→ **What the exercise asks**: Your answer must be an exact copy of the data, without any pictures.

→ **Available data**:
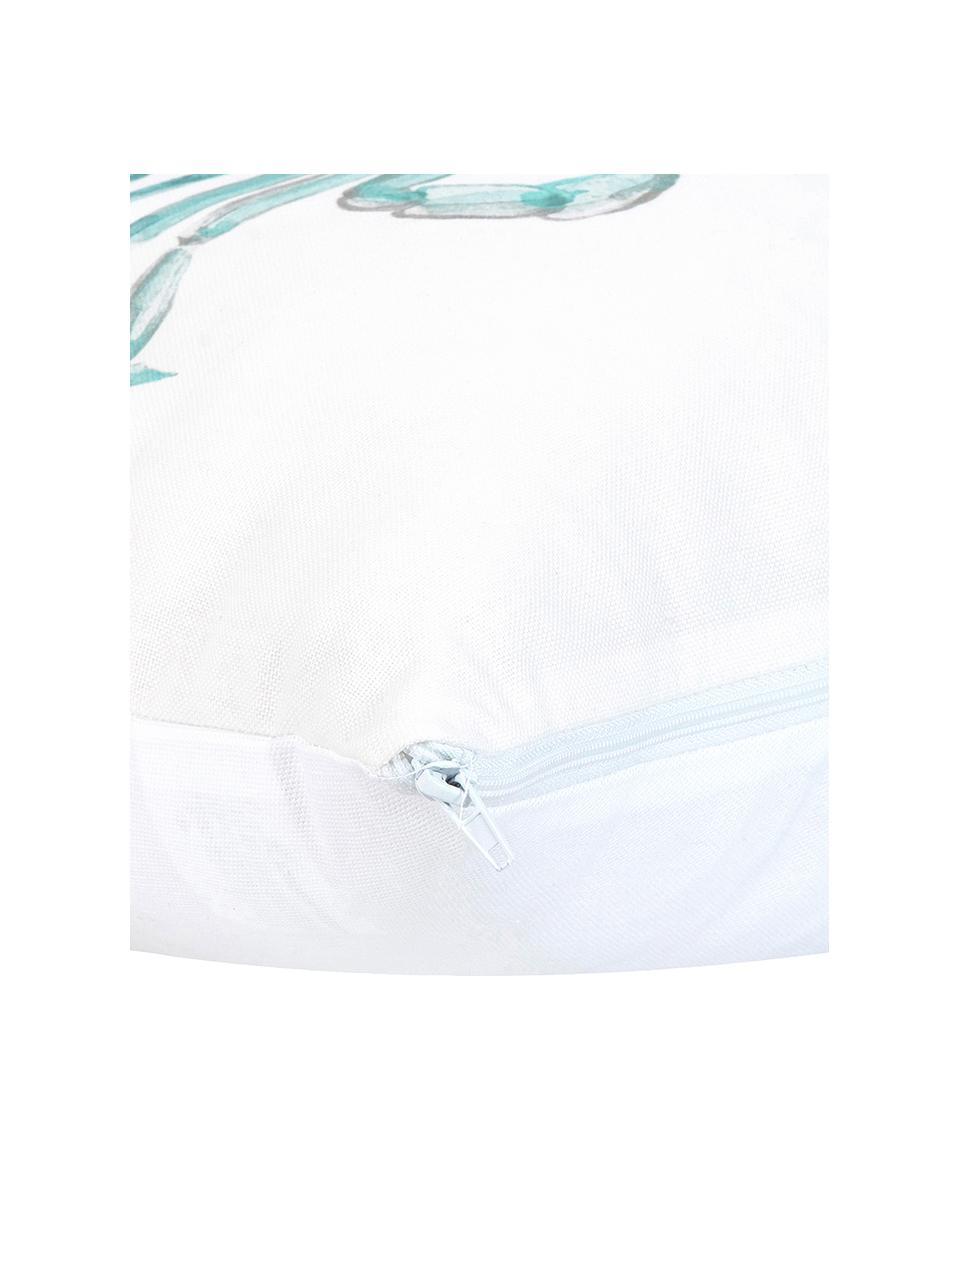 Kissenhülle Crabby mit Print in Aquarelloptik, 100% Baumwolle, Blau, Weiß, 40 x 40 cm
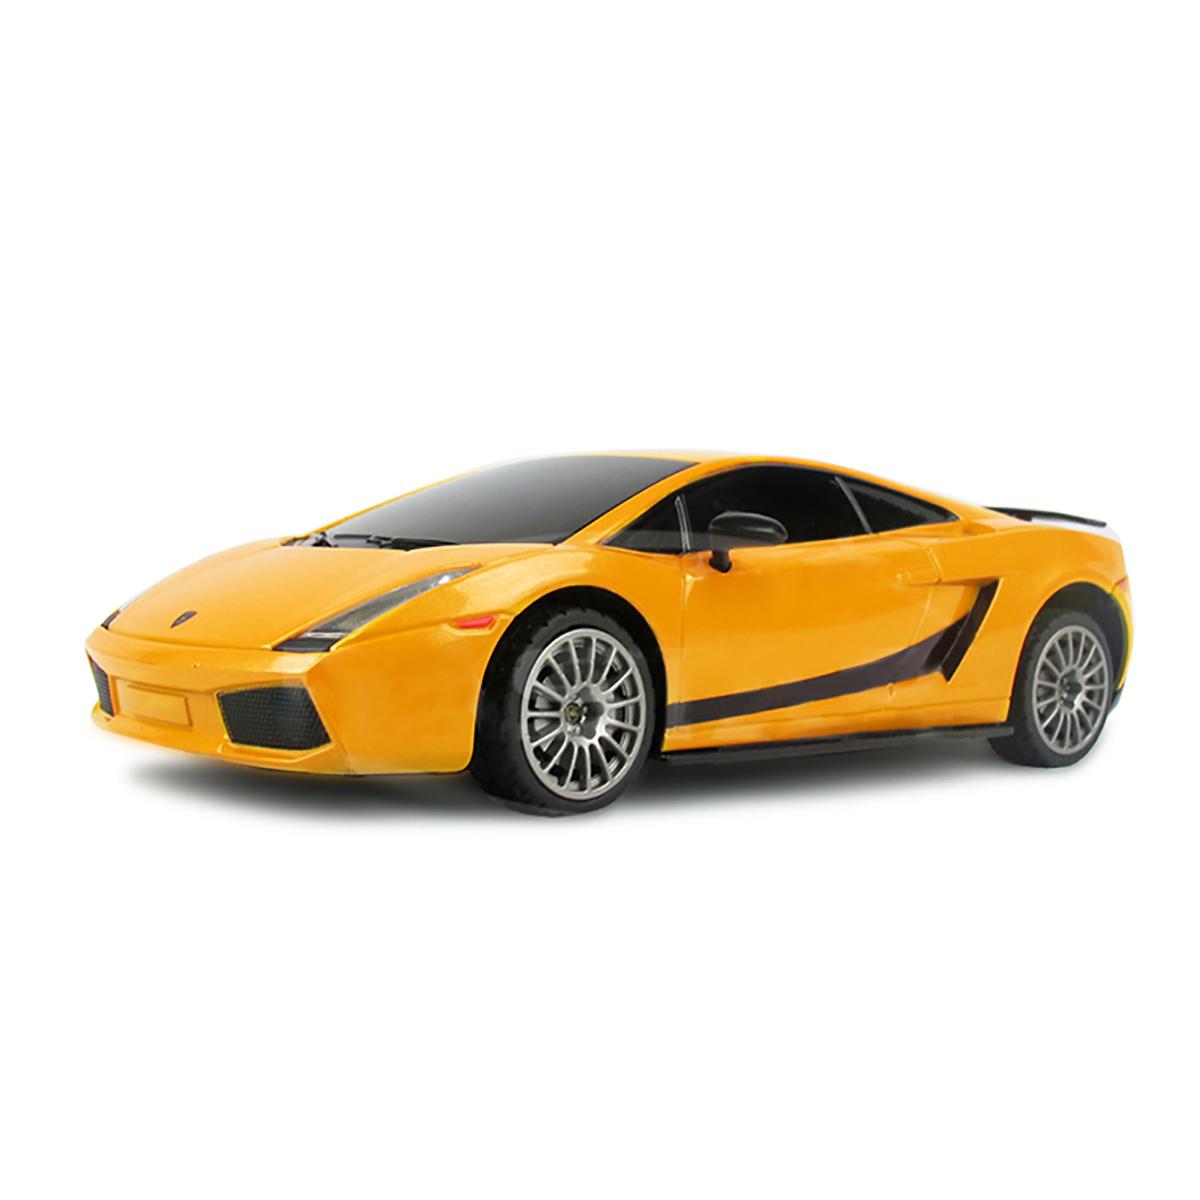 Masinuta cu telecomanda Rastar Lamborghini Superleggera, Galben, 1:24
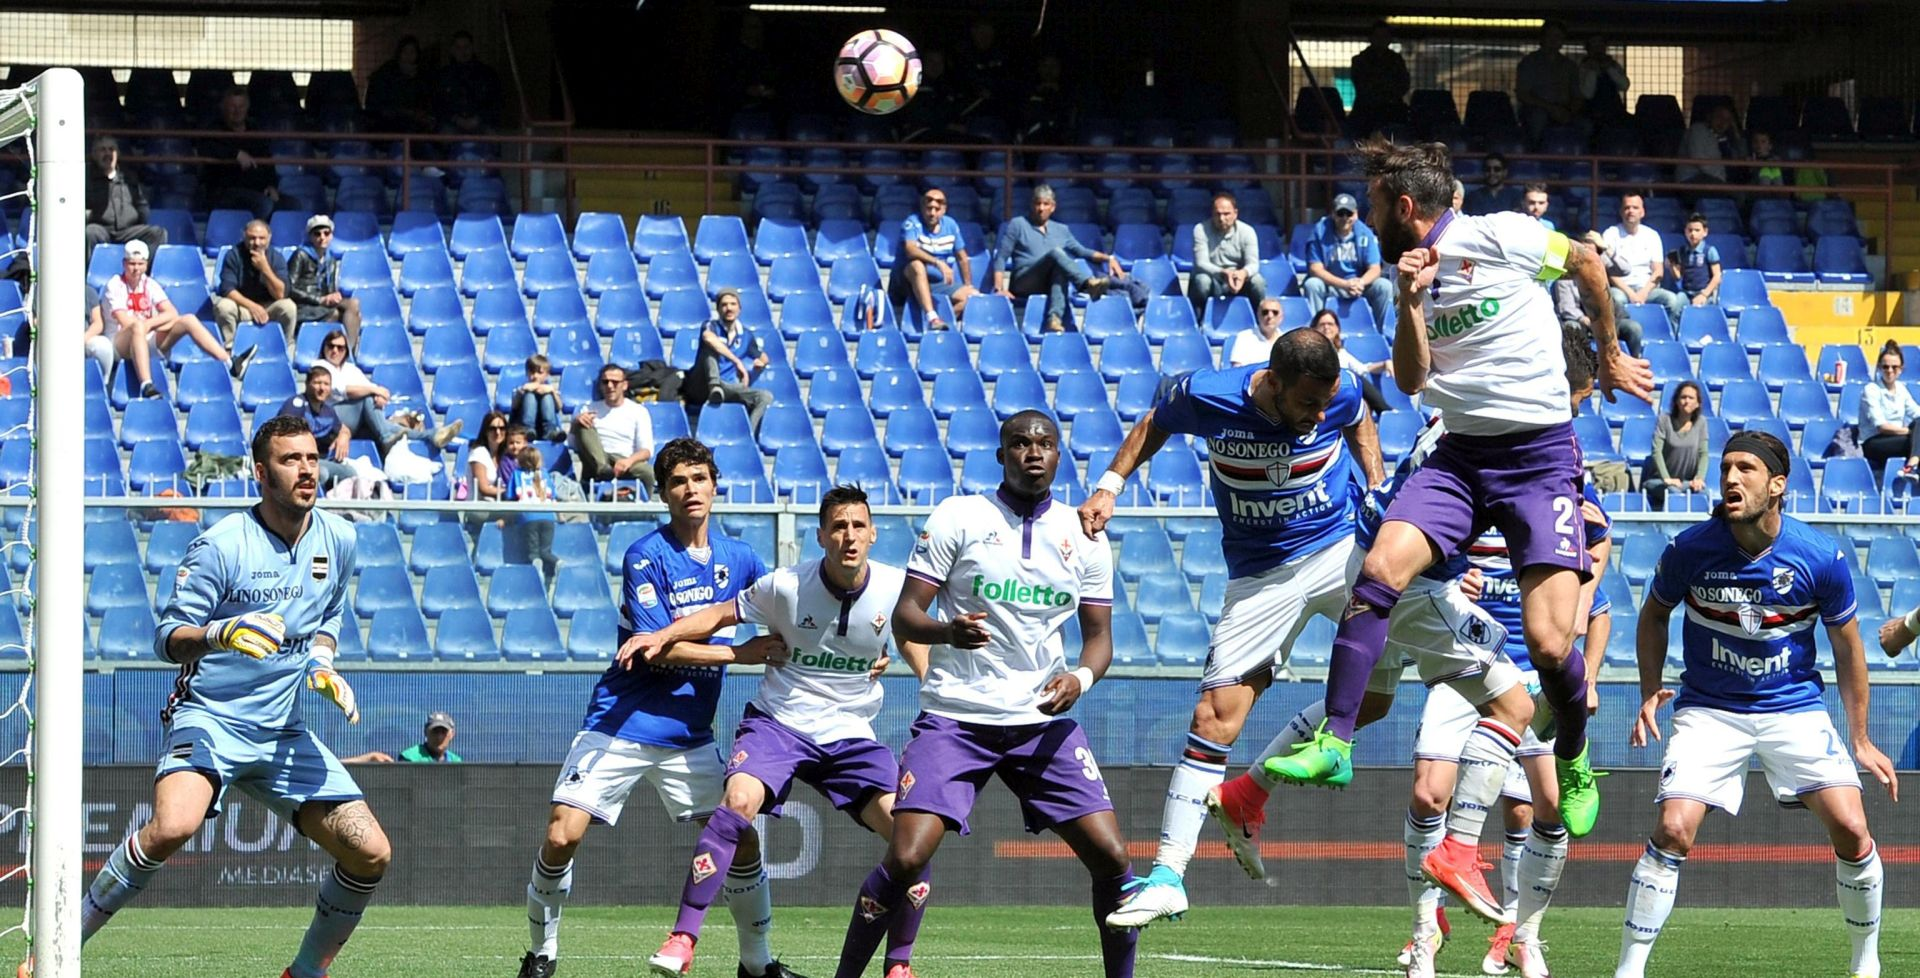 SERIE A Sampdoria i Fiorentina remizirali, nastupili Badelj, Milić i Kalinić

→ **Exercise solution**:
 Kissenhülle Crabby mit Print in Aquarelloptik, 100% Baumwolle, Blau, Weiß, 40 x 40 cm
 Masinuta cu telecomanda Rastar Lamborghini Superleggera, Galben, 1:24
 SERIE A Sampdoria i Fiorentina remizirali, nastupili Badelj, Milić i Kalinić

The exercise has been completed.